MATERIAL PROVIDED START
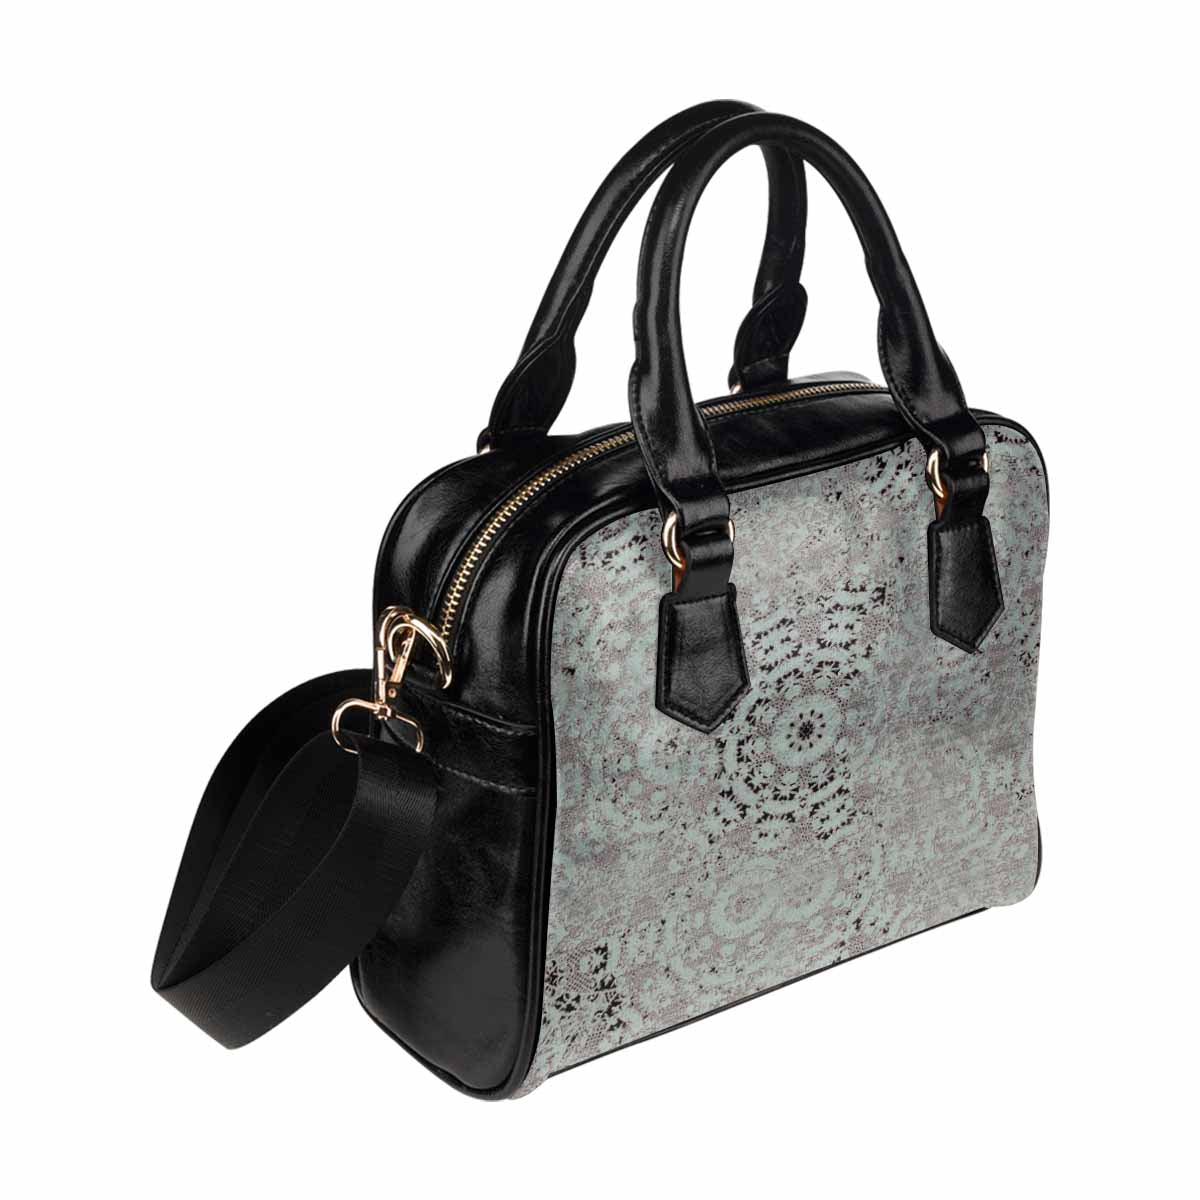 Victorian lace print, cute handbag, Mod 19163453, design 51
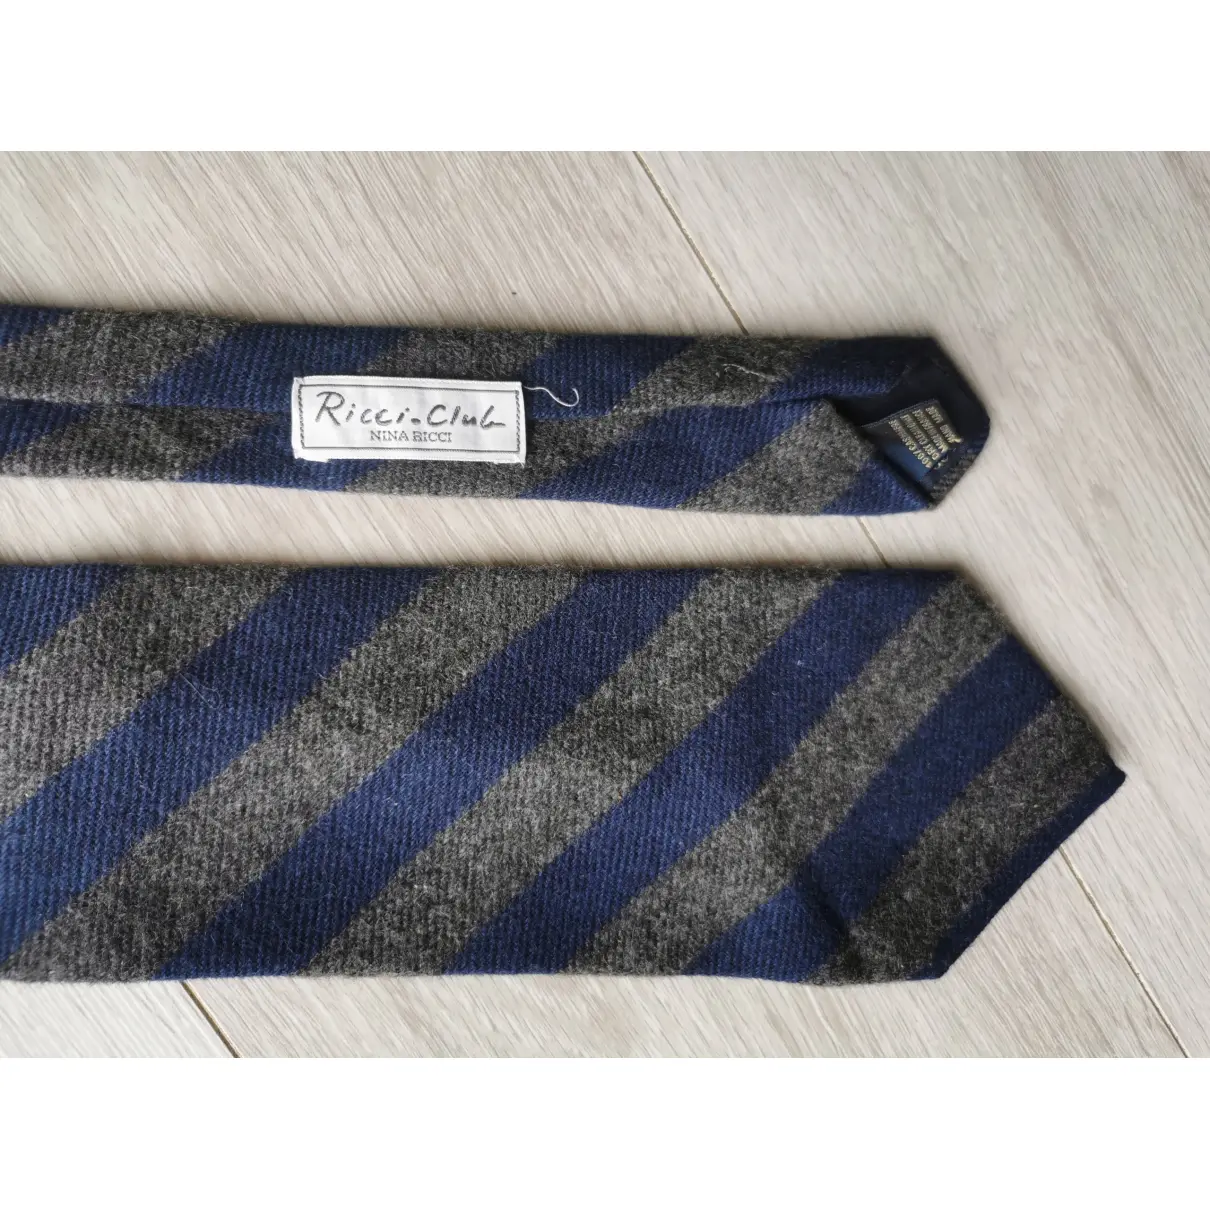 Buy Nina Ricci Cashmere tie online
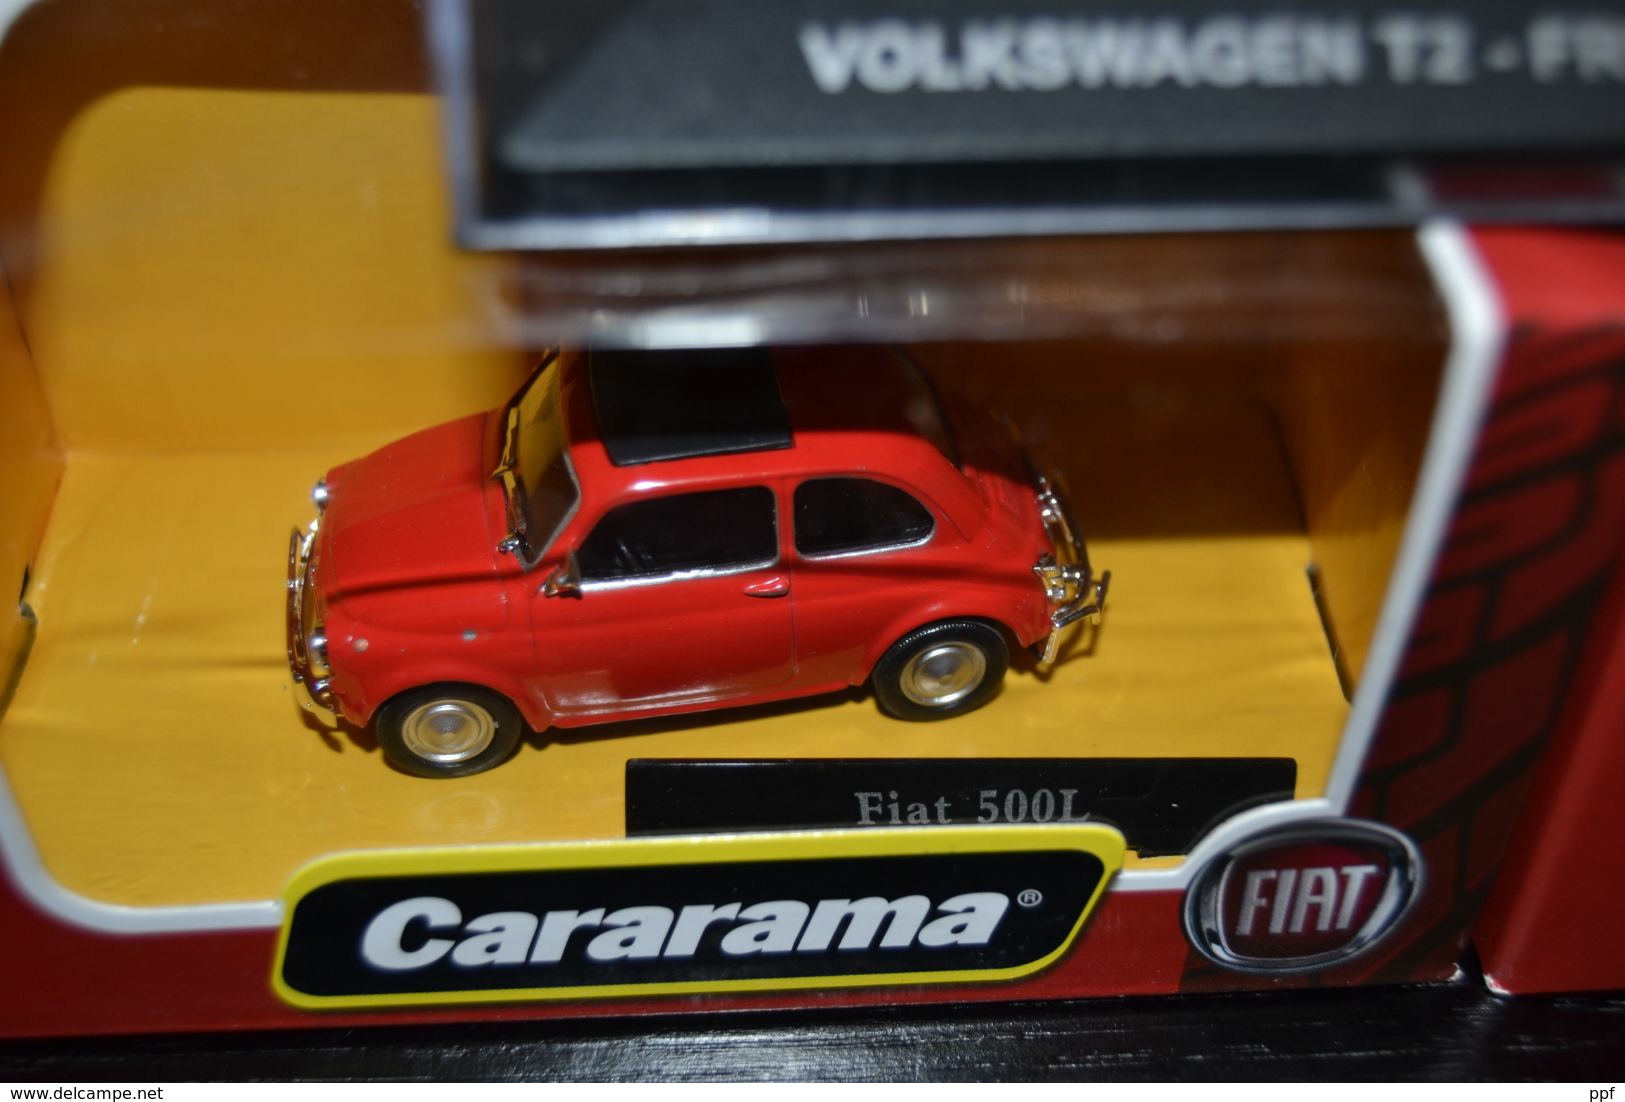 Fiat 500 Cararama, Nuova In Scatola. - Cararama (Oliex)
MATERIAL PROVIDED END
* [DIRECTIONS]:
Reproduce the listing exactly, images omitted.

* [YOUR SOLUTION]:
 Victorian lace print, cute handbag, Mod 19163453, design 51
 Buy Nina Ricci Cashmere tie online
 Fiat 500 Cararama, Nuova In Scatola. - Cararama (Oliex)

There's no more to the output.